Des actions durables
La densité de la vigne est de 2,20 x 1 m, une singularité qu'ils veulent garder car «on a une stabilité dans le rendement». En Ugni blanc, pour le cognac, cela permet d'avoir des vieilles vignes de 80 ans, très productives, «et il ne manque pas de pied». Les vignes sont sur des terres sablo-limoneuses offrant «des terrains faciles». Les vignes sont enherbées un rang sur deux. En hiver, de la féverole est semée. À travers ce choix, ils voient plusieurs aspects positifs d'un point de vue agronomique, financier et d'image, eu égard à la vente directe sur leur exploitation. «Pour le désherbage, nous essayons de diminuer les doses. L'achat d'un intercep est envisagé, afin de réduire les produits phyto. Nous avons investi dans un pulvé avec panneaux récupérateurs. C'est le plus bel investissement de ma carrière !» lance avec humour Florian Benassy. Il y voit les économies réalisées sur l'achat des produits, le côté écologique, l'aspect santé même si «les salariés ne pulvérisent pas». «On s'achète une conduite vis-à-vis du voisinage» estime-t-il.
Pour la taille, «on pratique la taille Guyot Poussard, excepté pour le Sauvignon blanc, c'est en Guyot double, pour une question de rendement». La production est de 60 hl/ha «les bonnes années», sinon c'est 40 hl/ha.
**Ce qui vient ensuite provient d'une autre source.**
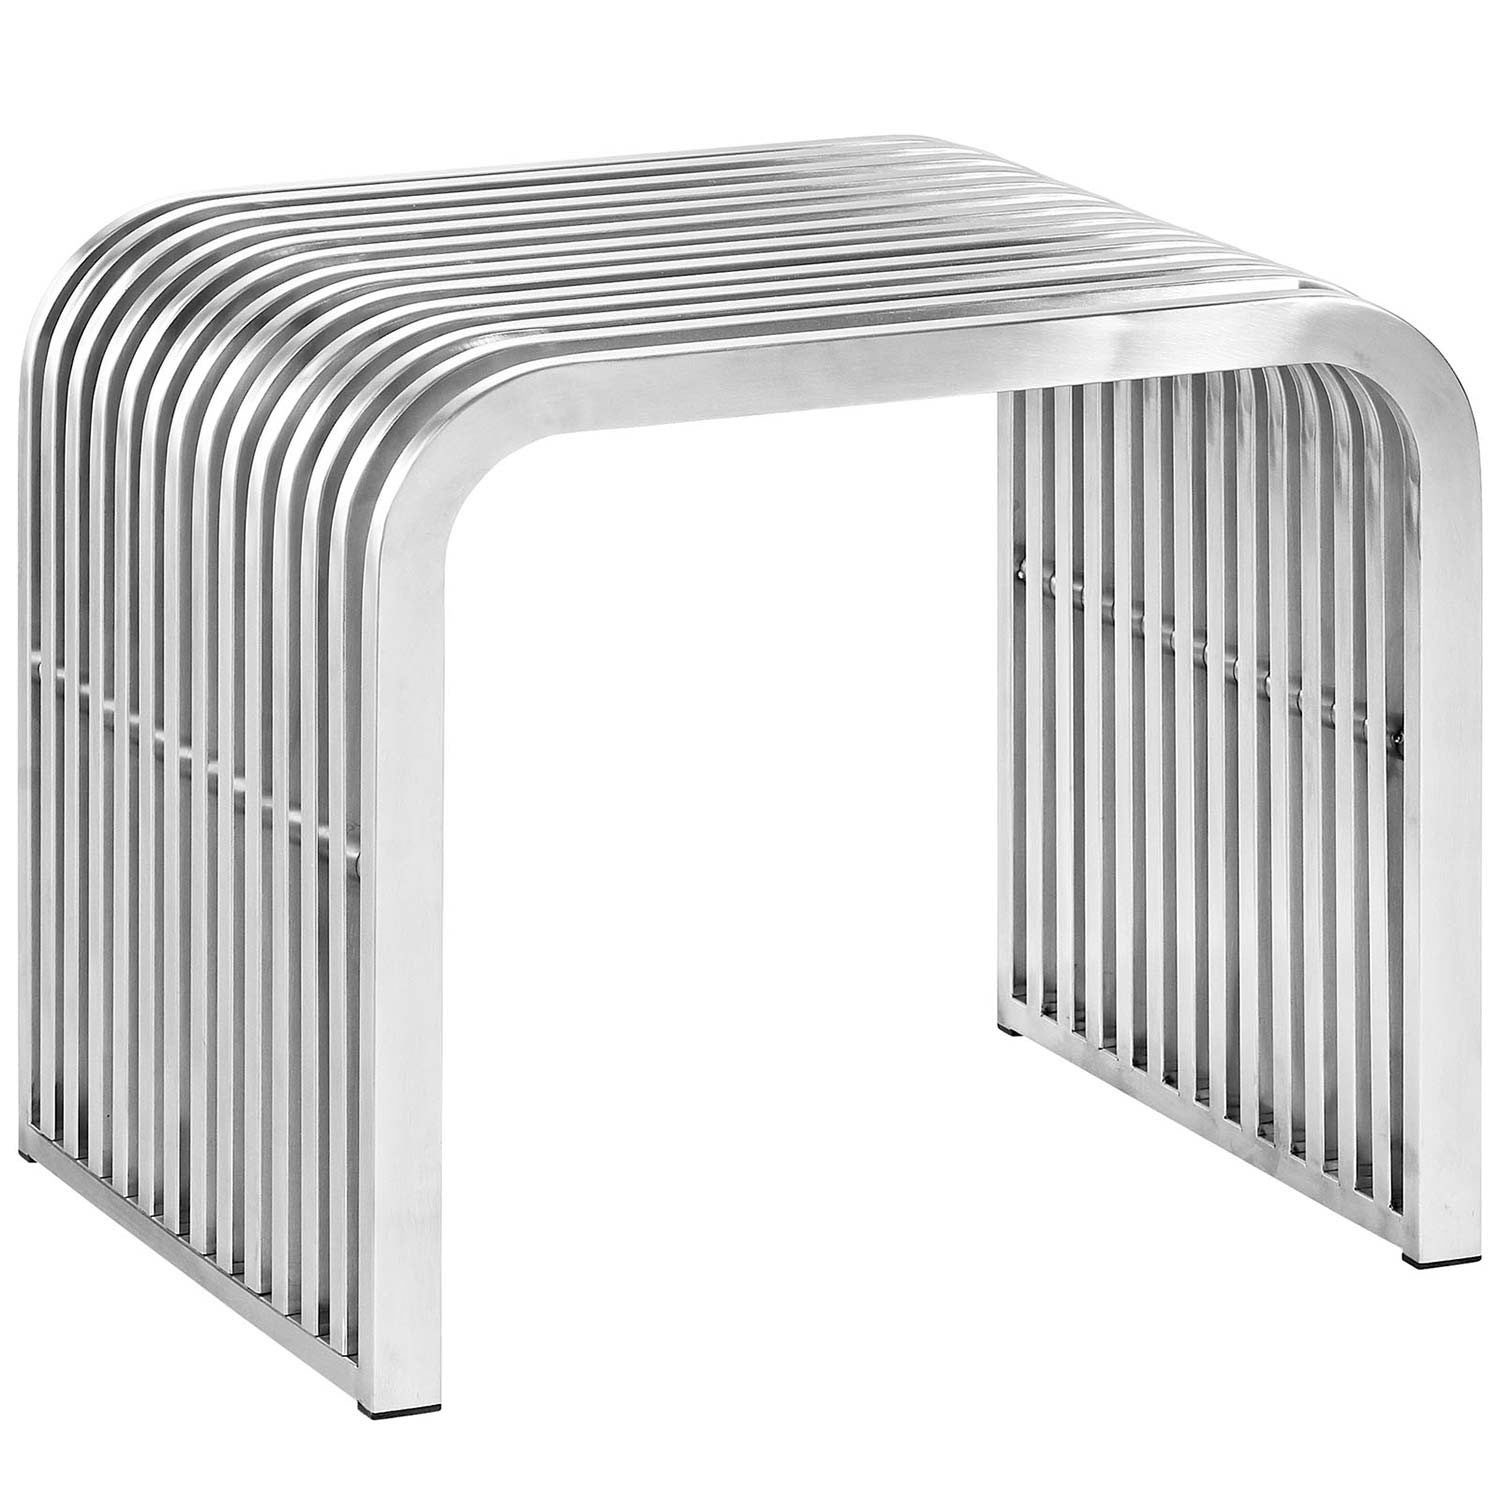 Modway Pipe Stainless Steel Bench - Silver

Ils collaborent avec François Mornet, oenologue à Boutenac Touvent. «On a choisi de traiter de petits volumes pour privilégier la qualité» concède Florian Benassy
Régulièrement, dans leurs propos, les enfants rendent hommage à leur père, qui leur a beaucoup appris. «Il a beaucoup de savoir à partager. On a toujours voulu travailler sur le domaine familial. La transmission s'est faite avec, bien évidemment quelques divergences sur certains aspects» mais toujours dans le respect et la bienveillance. La jeunesse arrivant, la vision n'est plus tout à fait la même, les méthodes non plus, notamment pour le travail dans le chai. «On n'a pas tout changé pour changer» tient à préciser Florian Benassy. Ophélie donne en exemple, le schéma de vinification sur une cuvée sur les rouges et un blanc «qui est beaucoup plus abouti qu'avant». Les températures de fermentation ont été descendues. L'organisation du travail n'est plus la même : «Pour les vendanges, nous débutons tôt, vers 5 h pour terminer vers 21 h-22 h. Lui, c'était le contraire, cela ne le dérange pas de finir tard». Tous lui rendent hommage : « ce que nous faisons à trois, lui, le faisait tout seul. Il s'occupait de la vigne, du chai, de la commercialisation. Certes, il y avait moins d'exigence que maintenant, mais il fallait être là.»
Quand on demande à Jean-Claude Benassy, ce qu'est un bon vin charentais, ces yeux pétillent pour répondre qu'il doit «être agréable à boire et être en adéquation pour accompagner la gastronomie de la région.» L'évolution de la qualité a passé pour lui, par une maîtrise du travail du chai, avec des méthodes de débourbage, de maîtrise de températures. C'était le point le plus important.
Pour son fils, la qualité est au rendez-vous, car ceux qui réalisent des vins de pays charentais sont des passionnés. Et à les écouter parler de leur savoir-faire, de leurs pratiques, avec enthousiasme, engouement, ils en font partie.